CKRD-FM
- Red Deer, Alberta; Canada;
- Broadcast area: Red Deer County
- Frequency: 90.5 MHz
- Branding: Shine 90.5 FM

Programming
- Format: Christian

Ownership
- Owner: Touch Canada Broadcasting Limited Partnership

History
- First air date: April 1, 2011
- Call sign meaning: Christ Knows Red Deer

Technical information
- Class: C1
- ERP: 18.4 kilowatts average 38 kilowatts peak
- HAAT: 246.1 metres (807 ft)
- Transmitter coordinates: 52°16′35″N 113°41′28″W﻿ / ﻿52.2764°N 113.691°W

Links
- Website: www.shinefm.com

= CKRD-FM =

Christian radio station in Red Deer, Alberta

CKRD-FM is a radio station that broadcasts a Christian format on the frequency 90.5 FM in Red Deer, Alberta, Canada.

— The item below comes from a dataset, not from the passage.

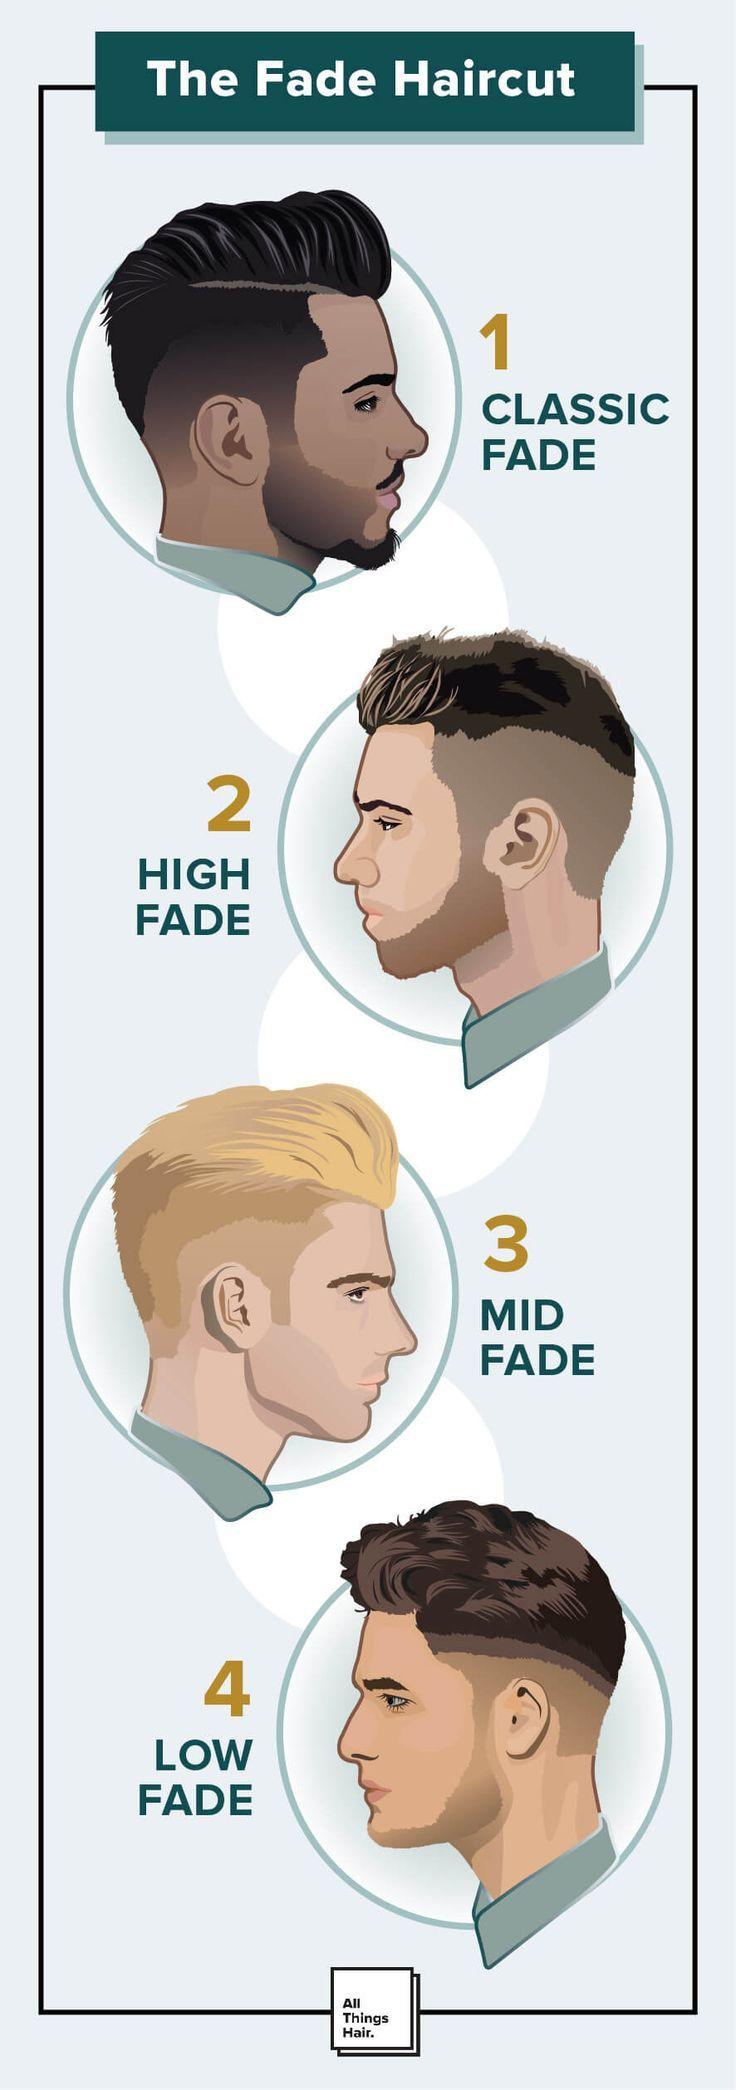 Ultra sun boy haircuts  best erkek giyim sitil images on pinterest  guy fashion man

Owned by Touch Canada Broadcasting (2006) Inc. (the general partner) and 1188011 Alberta Ltd. and Touch Canada Broadcasting Inc. (the limited partners), carrying on business as Touch Canada Broadcasting Limited Partnership, the station received Canadian Radio-television and Telecommunications Commission on December 8, 2009.

The station uses the call letters previously used by the now CIZZ-FM from 1965 to 1987. What is now CHUB-FM was CKRD-AM from 1949 to 2000. The call sign was also originally used by the now-defunct television station CHCA-TV from 1965 to 2005.